Das Filmfestival von Cannes ist eine angesehene Veranstaltung, bei der die meisten Filmemacher davon träumen, mit einem einzigen Beitrag vertreten zu sein. Wim Wenders hat jedoch das außergewöhnliche Kunststück vollbracht, zwei Filme zu präsentieren.
Sein zehnter Beitrag für die höchste Auszeichnung des Festivals, „Perfect Days“, steht auf dem gleichen Programm wie eine Sondervorführung von „Anselm“, seiner 3D-Erkundung des Werks des deutschen Künstlers Anselm Kiefer. Trotz der sehr unterschiedlichen Themen der beiden Filme war der eine ein direktes Ergebnis des anderen, teilte Wenders mit Reuters.
Während er während der Postproduktion von „Anselm“ wartete, besuchte er Japan. „Unerwartet fanden wir uns dabei wieder, einen Film in Japan zu drehen“, gab Wenders zu. Dieses überraschende Projekt, „Perfect Days“, mit Koji Yakusho, einem hochgelobten japanischen Schauspieler, in der Hauptrolle als Hausmeister in Tokio, wird bald Premiere haben.
Der Film zeigt das Alltagsleben des Protagonisten – seine Arbeit, seine Lesegewohnheiten und seine musikalischen Vorlieben. Durch verschiedene Interaktionen erfährt das Publikum Details über seine Vergangenheit. Das Festivalkomitee in Cannes war von dem „improvisierten“ Projekt, das in wenigen Monaten entstand, sehr angetan und wollte es zeigen, so Wenders.
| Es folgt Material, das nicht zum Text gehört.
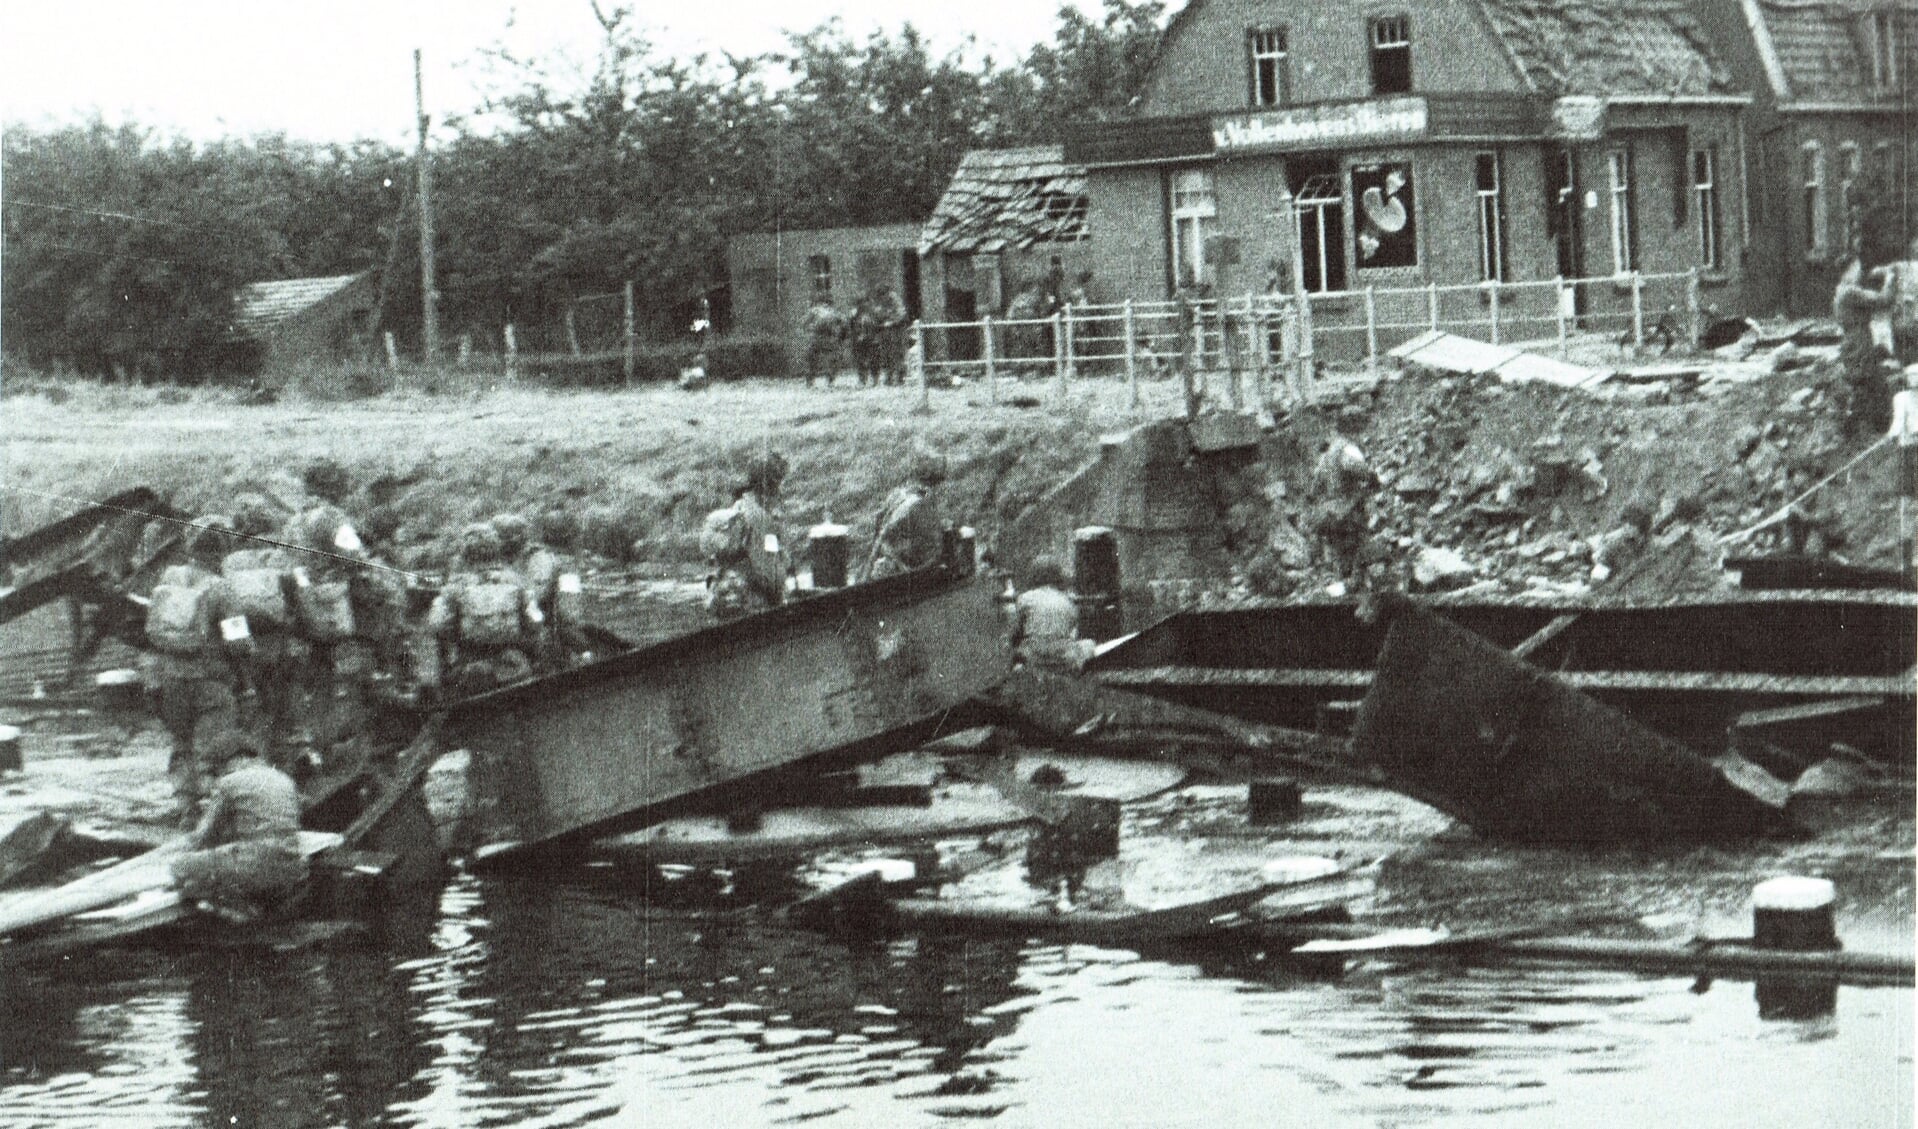 de vernielde brug over het kanaal, op 17 september 1944 door de Duitsers opgeblazen. Aannemer Lavrijssen had gauw al planken aangeleverd voor een droge oversteek naar Eindhoven

„Ich habe nicht abgelehnt, weil ich dachte: ‚Ich bin mit Cannes vertraut, aber ich habe noch nie zwei Filme gleichzeitig hier gesehen. Das wird in der Tat eine einzigartige Erfahrung sein“, sagte er.
Wenders, der mit „Buena Vista Social Club“ (2000), „Pina“ (2012) und „The Salt of the Earth“ (2015) dreimal für den Oscar für den besten Dokumentarfilm nominiert war, war begierig darauf, mit Yakusho zusammenzuarbeiten. Trotz der Sprachbarriere verlief die Kommunikation zwischen ihnen reibungslos.
„Wir haben uns durch Augenkontakt und subtile Gesten verstanden. Das erwies sich als die perfekte Sprache“, räumte er ein. „Kein anderer Schauspieler hatte meine Anweisungen so genau befolgt, vor allem weil ich sie nicht in Worte fassen konnte.“
Im Gegensatz dazu, so Wenders, fühlt sich „Anselm“ eher wie eine Erfahrung als wie ein Film an. Kiefers Kunst befasst sich häufig mit den anhaltenden Auswirkungen der visuellen und verbalen Propaganda des Nationalsozialismus auf die Kultur des Landes und die Geschichte nach dem Zweiten Weltkrieg.
„Ich glaube, ich habe das Publikum in Anselms Welt gebracht“, sagte Wenders. Es ist eine Welt, die tief in der Geschichte verwurzelt ist, insbesondere in der Nachkriegszeit in Deutschland, und die auch Elemente einer archäologischen Erzählung enthält, fügte er hinzu.
Mit diesem unerwarteten Zusammentreffen zweier unterschiedlicher Filme in Cannes beweist Wim Wenders erneut seine Vielseitigkeit und sein kreatives Genie. Indem er das Publikum mit „Perfect Days“ und „Anselm“ auf einzigartige Reisen mitnimmt, fördert er ein tieferes Verständnis für menschliche Erfahrungen und die tiefen Schichten von Geschichte und Kultur. Sein zweifacher Auftritt in Cannes ist ein weiterer Beweis für sein beeindruckendes erzählerisches Können und stellt sicher, dass er eine einflussreiche Figur im internationalen Kino bleibt.